DI dalam kehidupan, setiap manusia tentu memiliki tujuan yang jelas. Tujuan hidup seseorang itu menjadi sebuah pilihan yang diputuskan secara bebas.
Kehidupan umat Katolik memiliki dua bentuk panggilan dalam hidupnya. Ada orang yang dipanggil untuk hidup berkeluarga dan ada orang yang dipanggil untuk hidup selibat atau hidup sebagai imam, biarawan-biarawati.
Hidup sebagai religius elain sebagai sebuah panggilan juga merupakan sebuah pilihan bebas dari setiap pribadi.
Rela untuk mempersembahkan diri seutuhnya hanya kepada Tuhan dan mampu untuk menyadarkan diri bahwa hidupnya hanya diberikan atau dibaktikan kepada Kerajaan Surga.
Perlu diketahiu bahwa hidup selibat bukan sebagai sebuah paksaan atau sebuah keharusan tetapi dengan kerelaan hati dan berkat rahmat Roh Kudus. Maka hidup selibat sebenarnya untuk membebaskan hati manusia (1Kor 7:32-35).
Ini pilihan, bukan melawan kodrat
Hidup selibat bukanlah melawan kodrat manusia. Tetapi sebenarnya merupakan sebuah penghayatan yang merujuk pada kekudusan.
Seksualitas bukan hanya terpaku pada pengertian mengenai hubungan intim antara pria dan wanita. Tetapi memiliki pemahaman lain juga yakni relasi.
Hidup selibat juga dipandang sebagai sebuah relasi antara sesama manusia.

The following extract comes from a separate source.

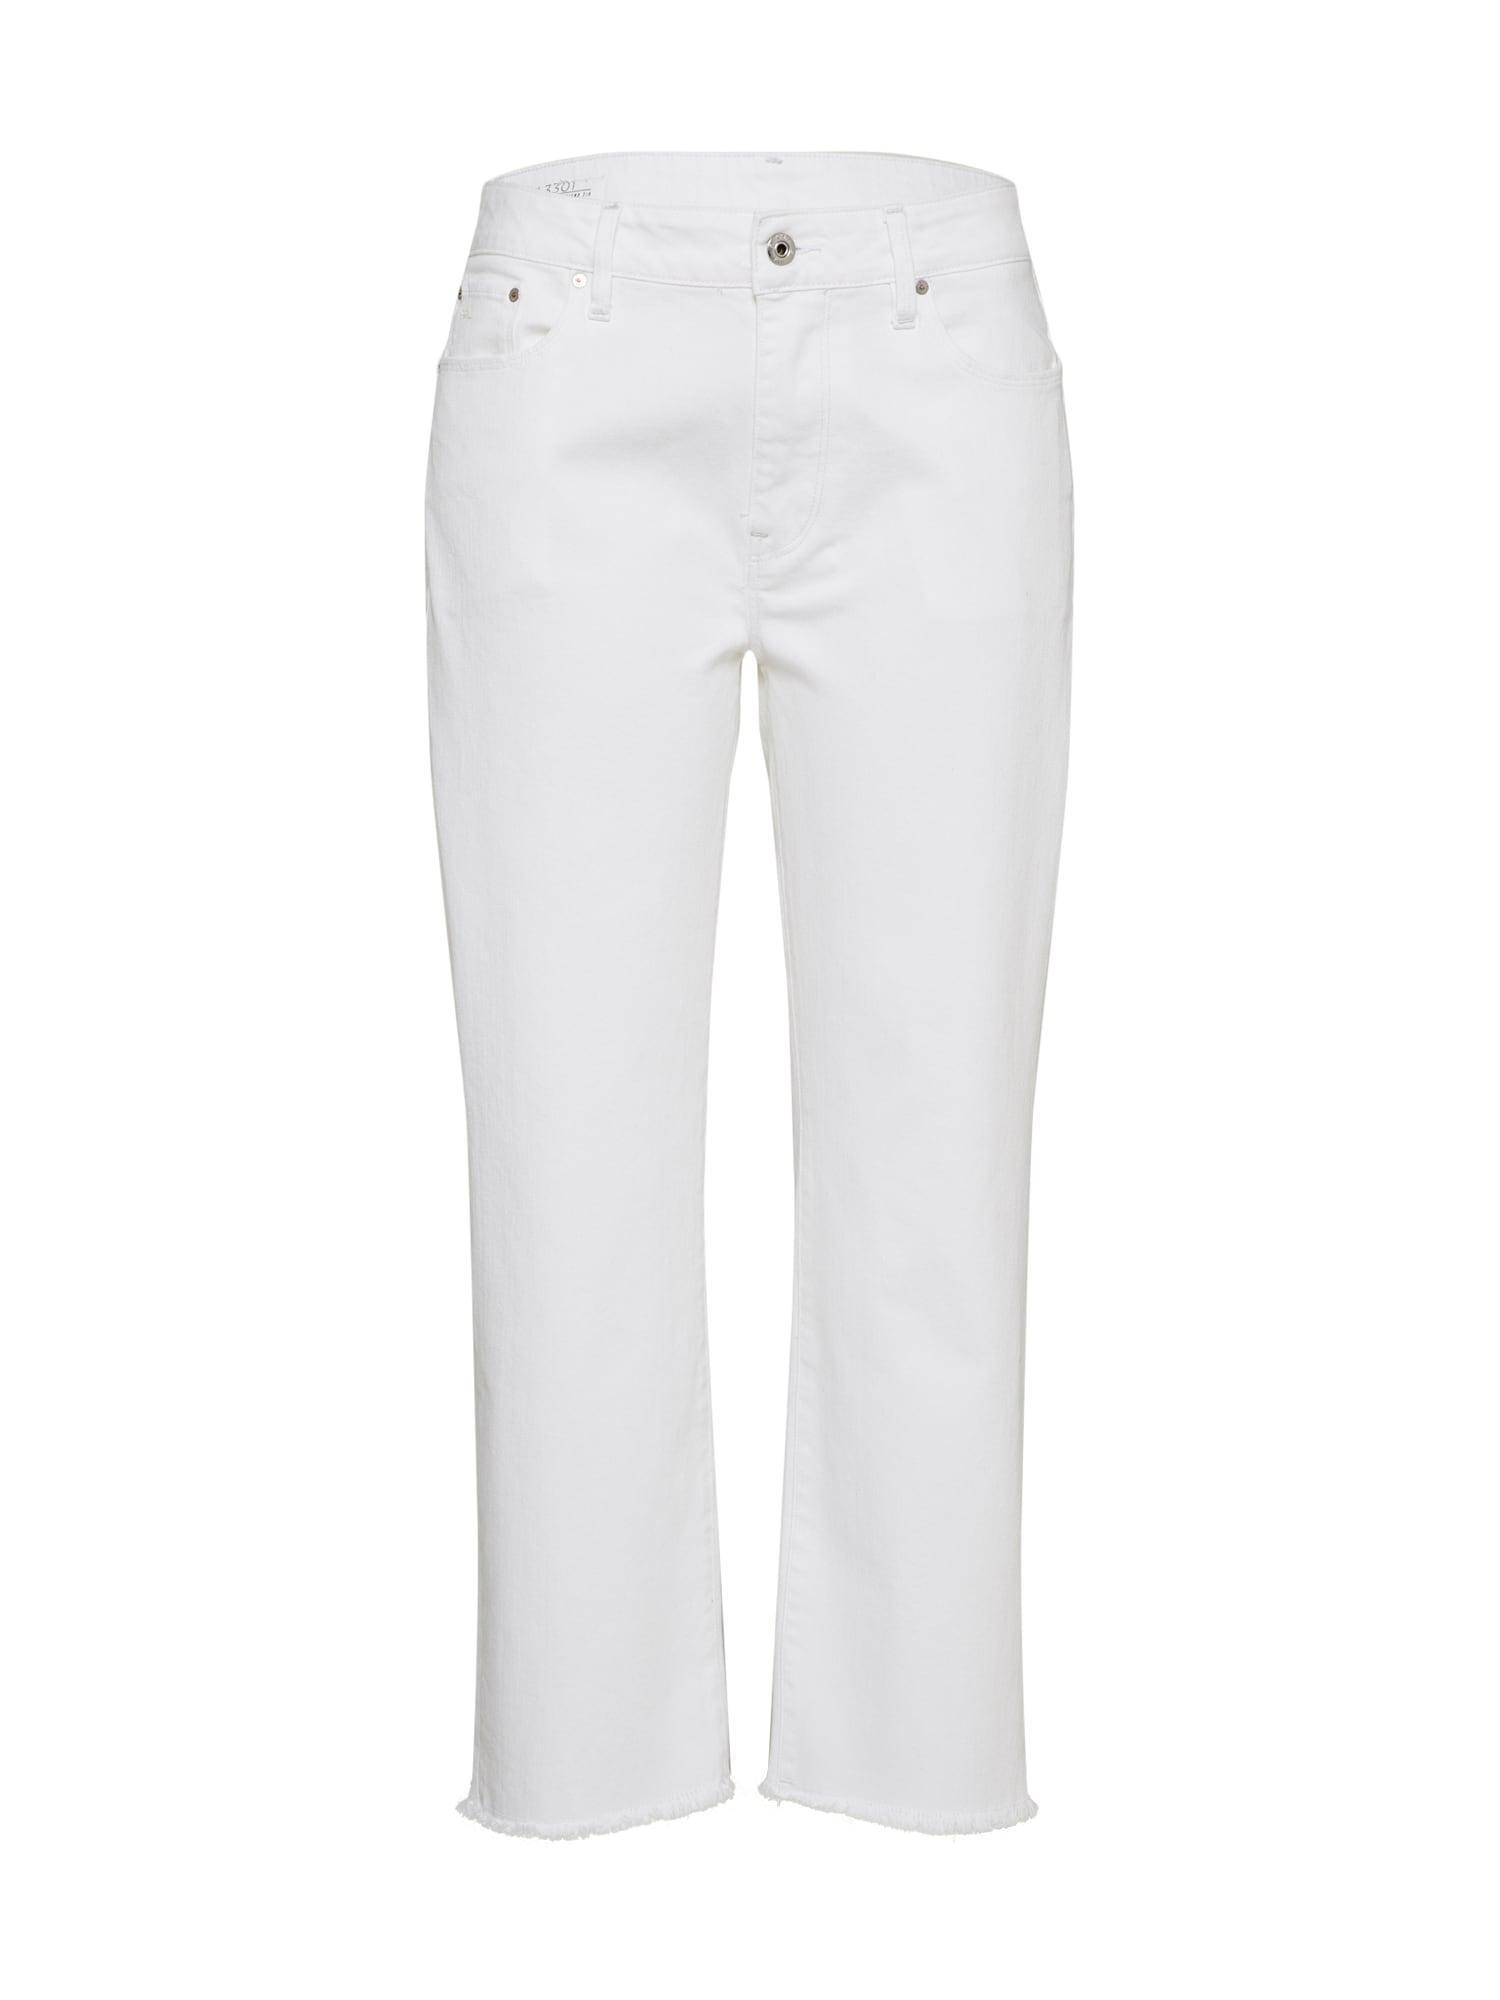 G-STAR RAW Dames Jeans white denim

Seksualitas dipandang sebagai sebuah relasi antara Allah dan manusia.
Dalam pengertian yang lebih luas mengenai seksualitas, itu berarti tidak mementingkan diri sendiri. Tetapi mengenai bagaimana seseorang mampu untuk membangun relasi dengan sesamanya.
Seksualitas manusia berkembang, apabila jalinan itu dapat diujudkan dengan baik.
Menikah atau selibat
Dalam hal ini, ada dua bentuk pilihan yang dapat dipilih yakni: perkawinan dengan membina keluarga atau menjalani hidup selibat untuk secara intensif menjalin relasi dengan Allah.
Perkawinan diungkapkan dalam relasi pria dan wanita.
Maka kedua hal ini benar karena memiliki tujuan yang sama hanya kepada Allah. Tentu dapat dibenarkan juga bahwa hidup selibat memiliki perbedaan dengan kehidupan berkeluarga.
Orang yang memilih untuk hidup selibat selalu memusatkan diri pada relasinya dengan Allah. Memusatkan dirinya lewat berbagai tindakan kasih dengan sesamanya lewat hidup doa, askese, dan mengembangkan hidup spiritualnya dengan melayani orang miskin, papa, dan terlantarkan.
Hal ini merupakan sebuah tindakan yang benar-benar mencerminkan seorang berjubah, ketika berelasi dengan Allah.
Melalui hidup doa dan askeses, kaum berjubah akan memiliki hidup yang lepas bebas terhadap ciptaan lainnya.
Para kaum selibat tidak memandang seksualitas sebagai suatu tindakan buruk tetapi sebagai suatu relasi cinta kasih kepada yang lain yaitu dengan menjadikan semua orang sebagi saudara.
Maka hidup selibat itu sebagai sebuah pemberian secara total dan utuh kepada Allah melalui Gereja dan komunitas religius.
Karena melalui kedua ini, seseorang dipanggil untuk melayani, sebagai suatu tindakan kerasulan bagi sesamanya.
Menaati Kaul-kaul religius
Hidup sebagai kaum religius berati menaati dan meniru teladan dari Yesus Kristus yang hidup dalam ketaatan, kemiskinan, dan kemurnian. Dipanggil untuk ikut ambil bagian dalam karya pewartaan kerajaan Allah.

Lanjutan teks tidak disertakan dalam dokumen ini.